In my book “On Top of Everything”, I briefly mention that my father, Hugh W. Seton, was a fighter-bomber pilot in WW II and that he was awarded the Distinguished Flying Cross. Dad passed away in 1992 but I remember him sharing many stories about his experiences during the war. Arriving back at the airstrip only to find his aircraft littered with bullet holes. Using skip-bombs to break a hole into the wall of a fortress that held allied prisoner of war, and hearing that many successfully escaped. Flying toward a target at tree top level and at top speed in order to maintain the element of surprise. Or the night the squadron burned down the mess hall during a party.

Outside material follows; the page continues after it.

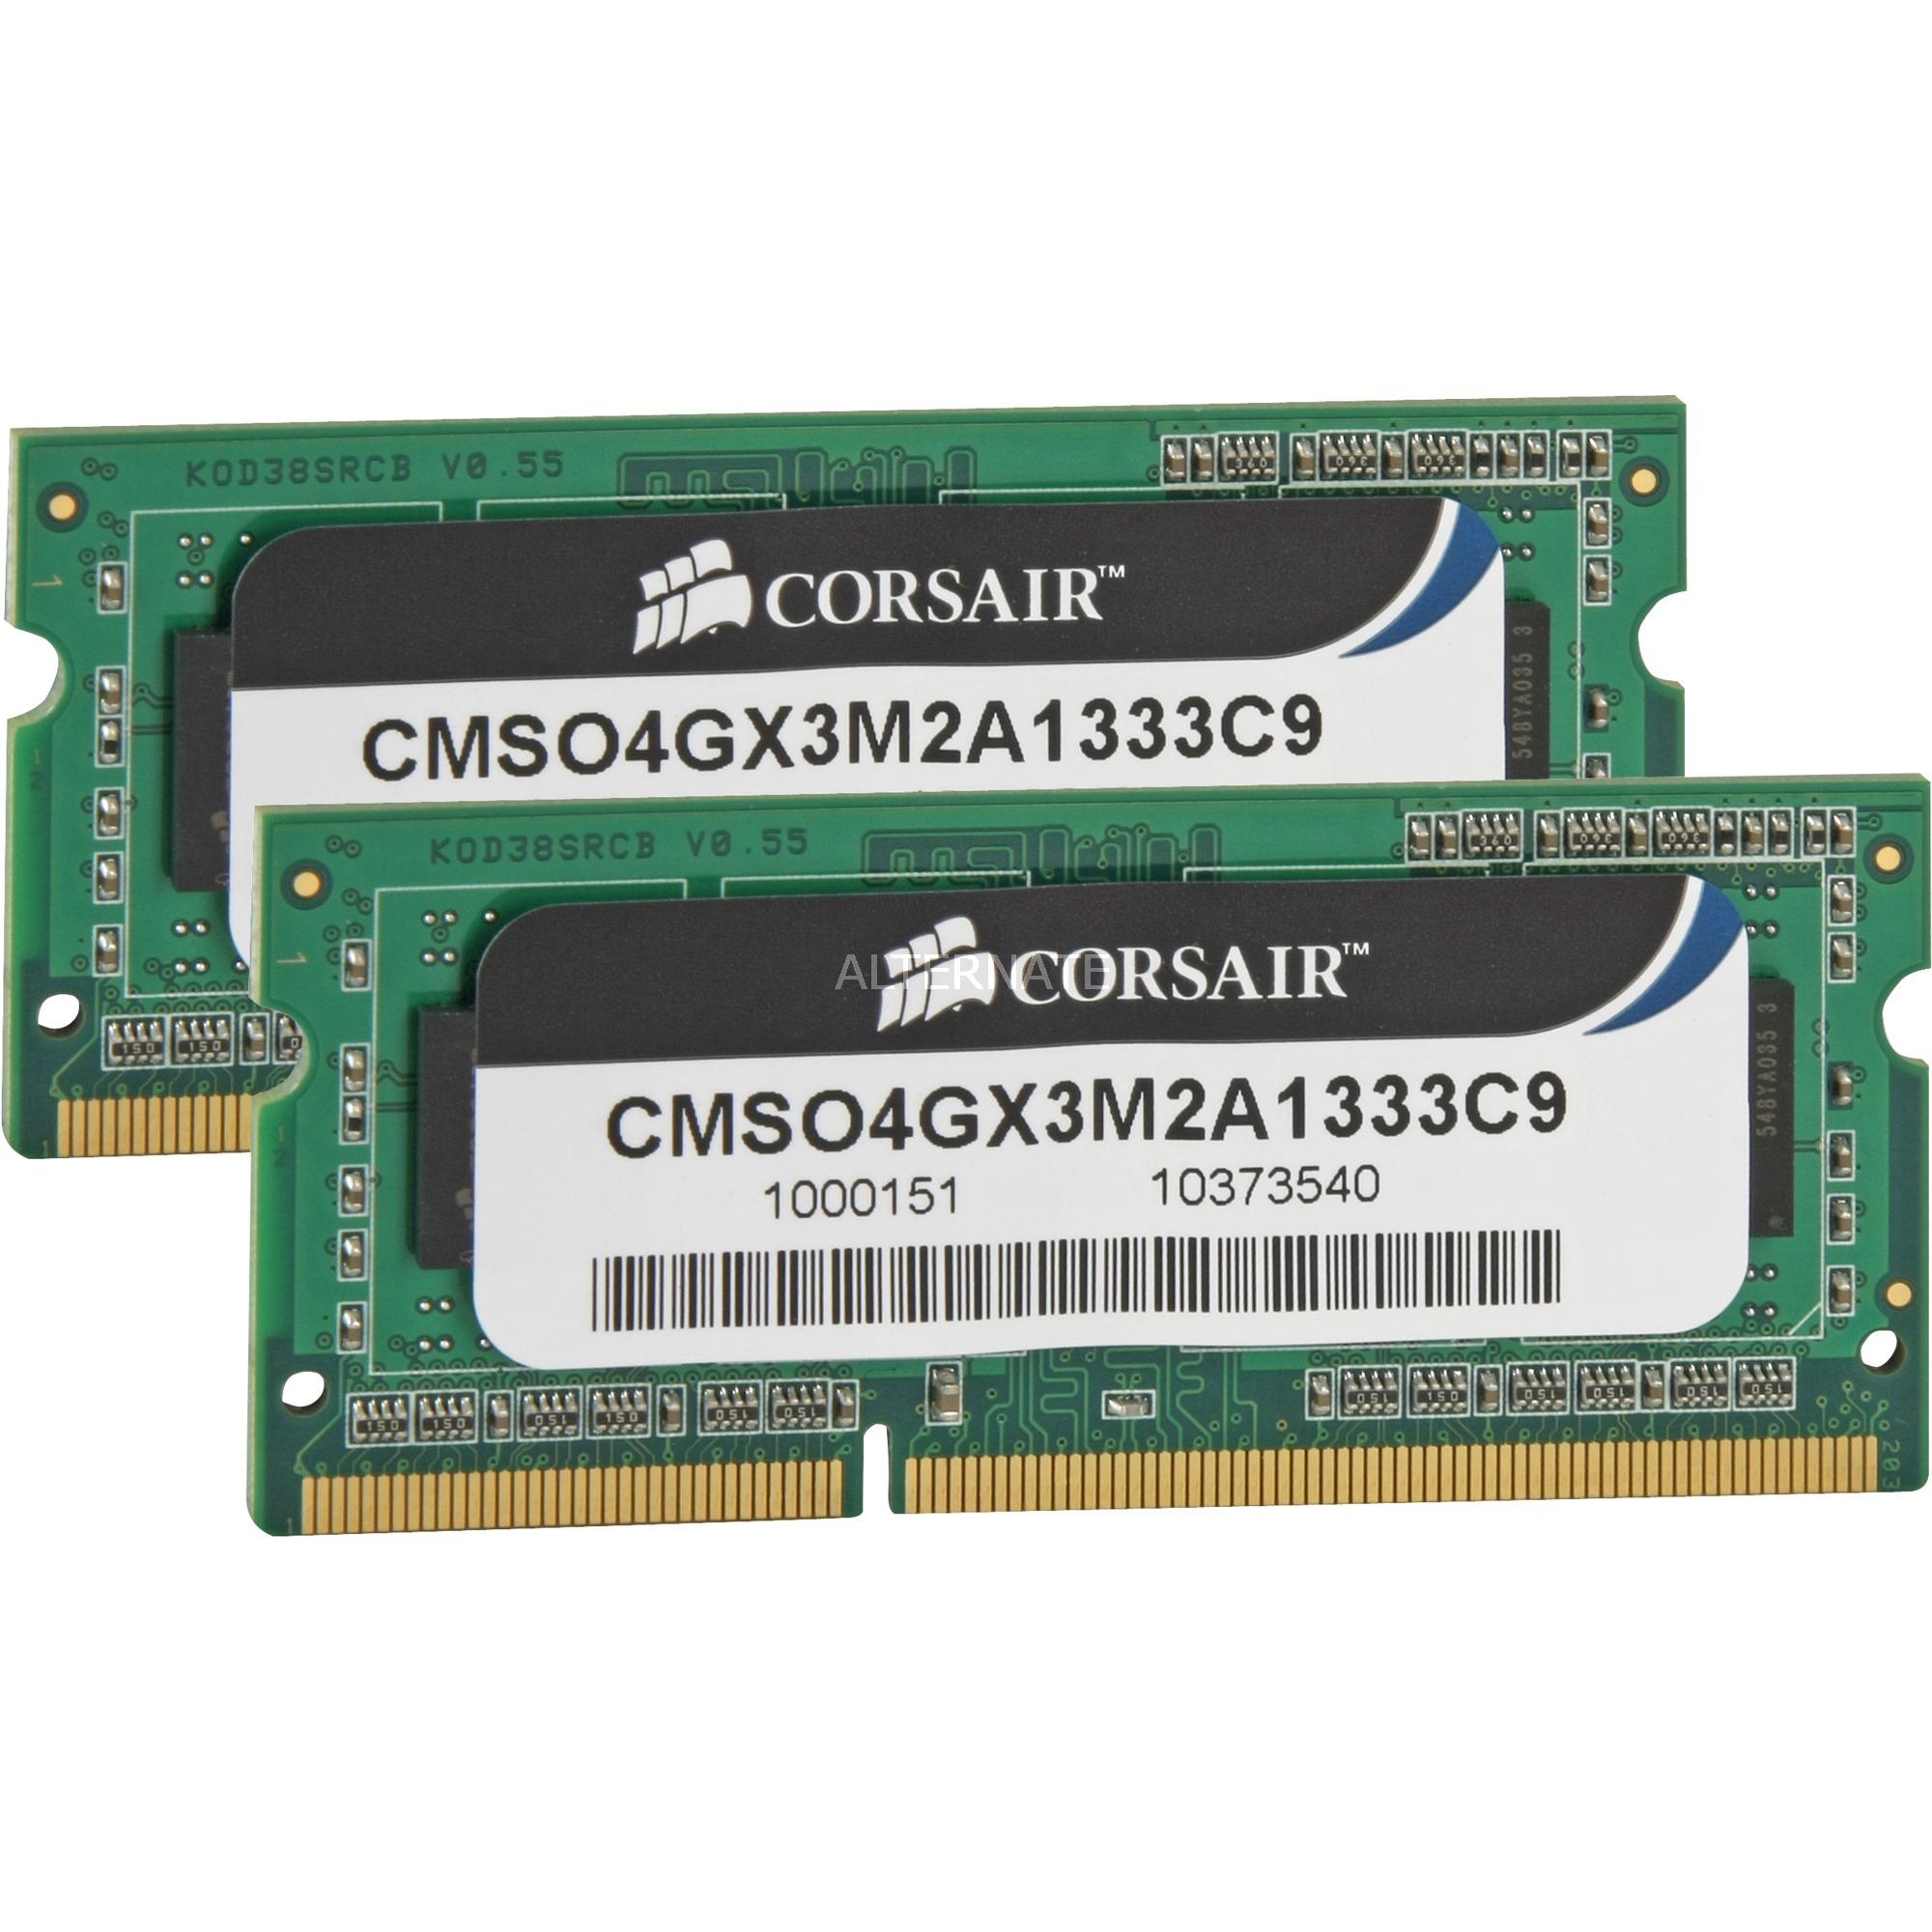 Corsair ValueSelect SO DIMM 4 GB DDR3 1333 Kit Arbeitsspeicher CMSO4GX3M2A1333C9 Lite Retail
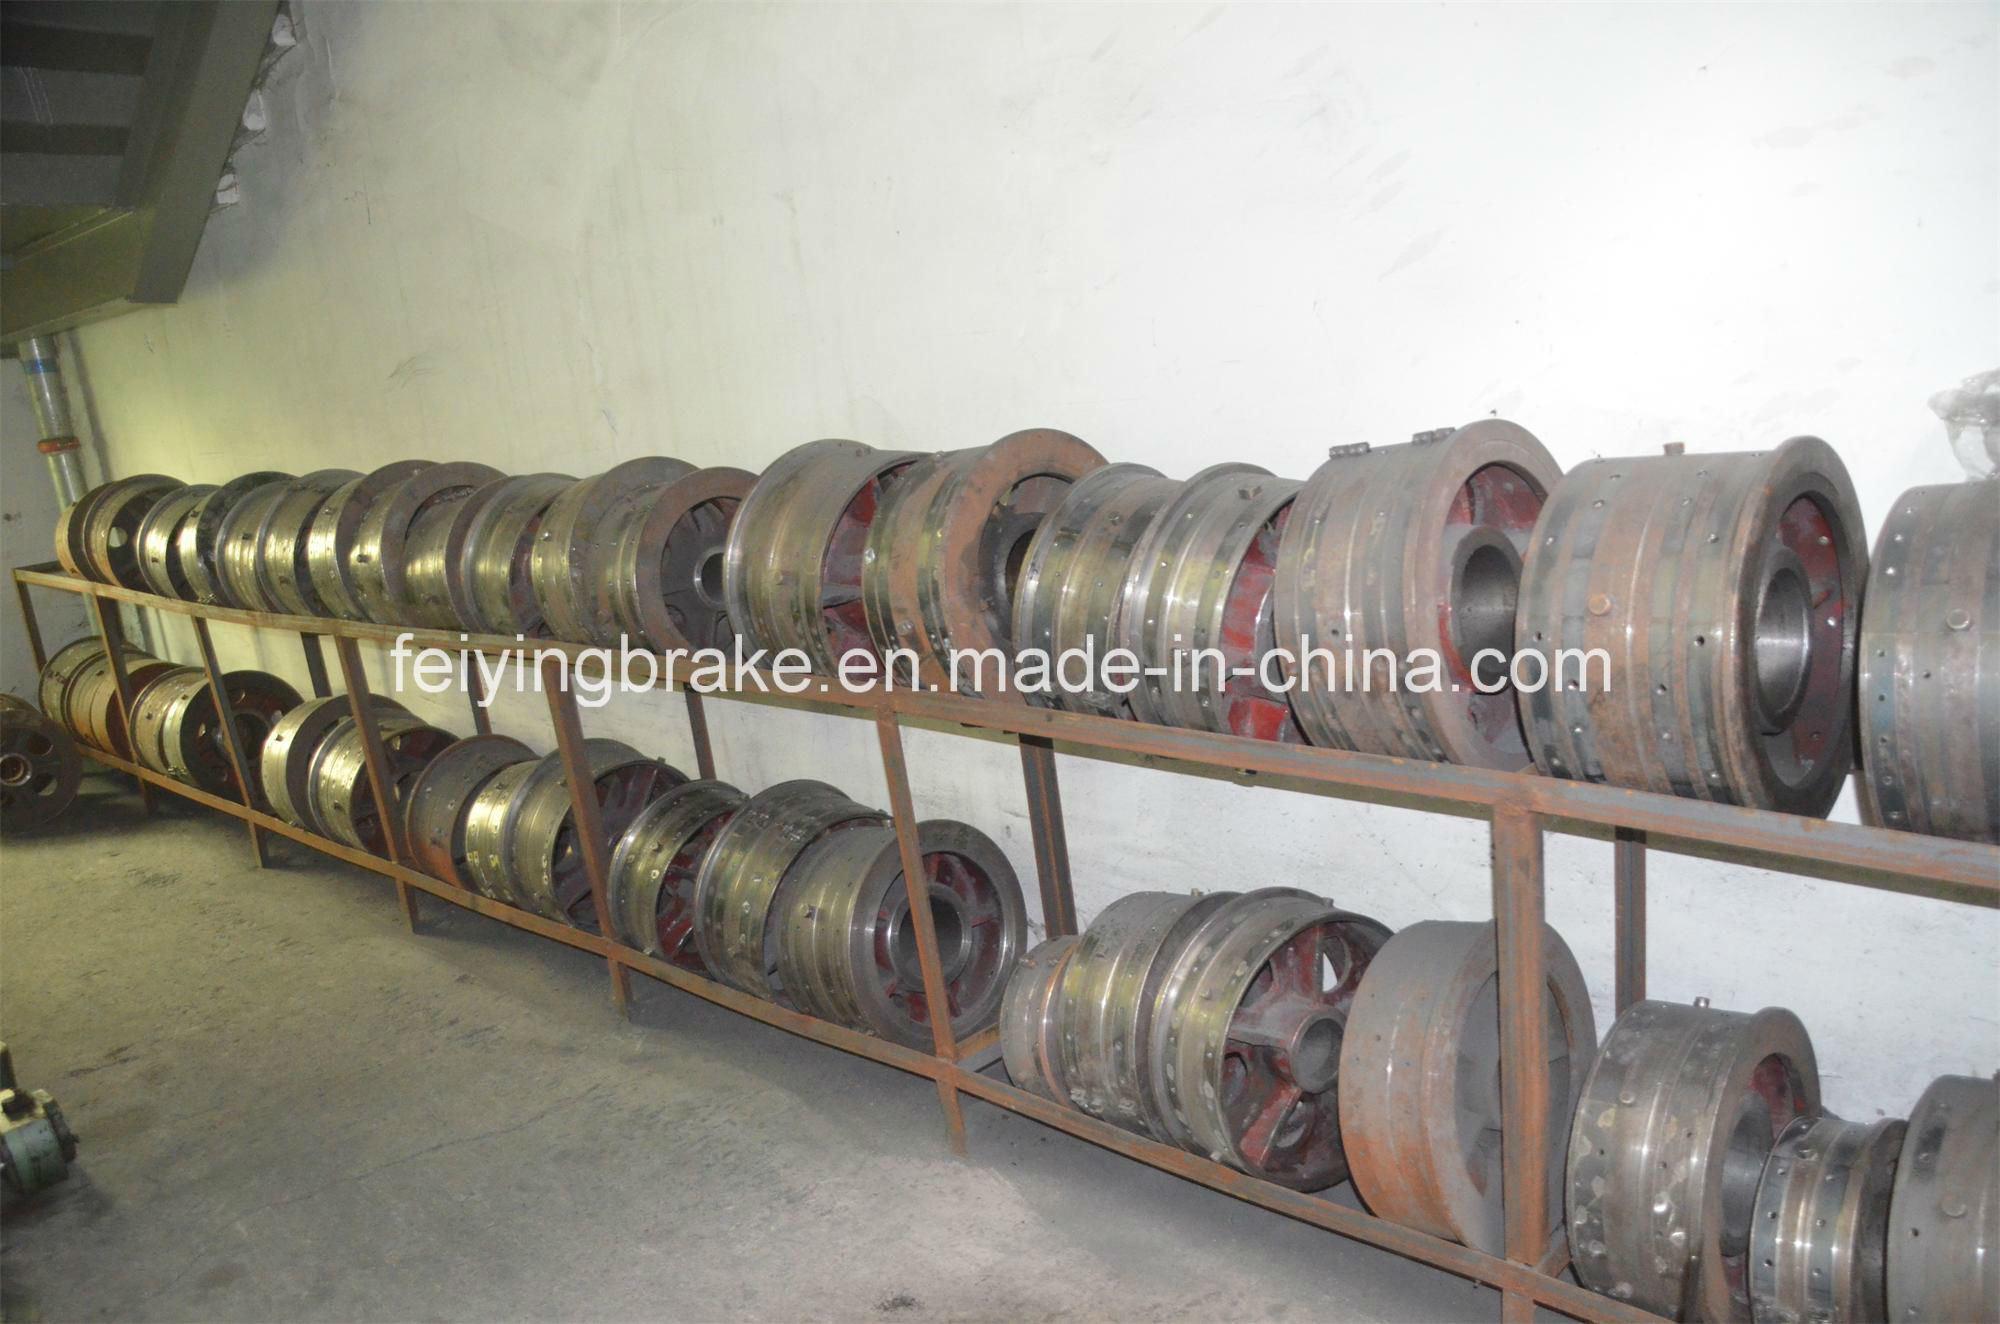 High Quality Brake Lining (WVA: 19496 BFMC: MP/36/2)

It was only several years after his death, when I came across his flight log books, that I really took a deeper interest and began a long research project which taught me a lot. One of the things I learned was that there were fighter pilots. They flew the single engine fighter aircraft such as the Spitfire or the Mustang. Then there were the bomber pilots who flew the large, two or four engine bombers such as the Lancaster or Liberator. What I learned was that dad was a fighter-bomber pilot. These guys flew single engine dive bombers. Two aircraft my father flew were the Vultee Vengeance (1700 HP) and the Republic P-47 Thunderbolt (turbo-charged to 2500 HP). To put this into perspective, today’s average single engine aircraft operates using a 150 to 350 HP engine.

I will always remember how dad described being suspended in his harness as he dove straight down, and how highly he spoke of the Thunderbolt. It really was a well built aircraft. The Thunderbolt could reach speeds of 435 mph flying horizontally and could break the sound barrier in a dive. Known as the Jug because of its shape, it could take a real beating and still bring most of its pilots home safely. The Thunderbolt was a dive bomber but it was also a fighter that engaged in many a dog-fight. And that is why the men who flew them were called “fighter-bomber pilots”.

Dad flew 125 missions over enemy territory through 1944 and 1945. I can only imagine what it was like to have gone through that. He didn’t say much about the really bad times. For his contribution to our freedom and as an inspiration in my life, I will be eternally grateful.

Laurence Seton, P.Eng., PMP is the President of Projecteze Inc. and is the author of On Top Of Everything: Manage Your Projects & Life With Ease. He helps busy people learn the skills to get and stay organized and on top of everything at work, at home and at school using Projecteze: The Ultimate Organizational System. Follow Laurence on Twitter and Facebook.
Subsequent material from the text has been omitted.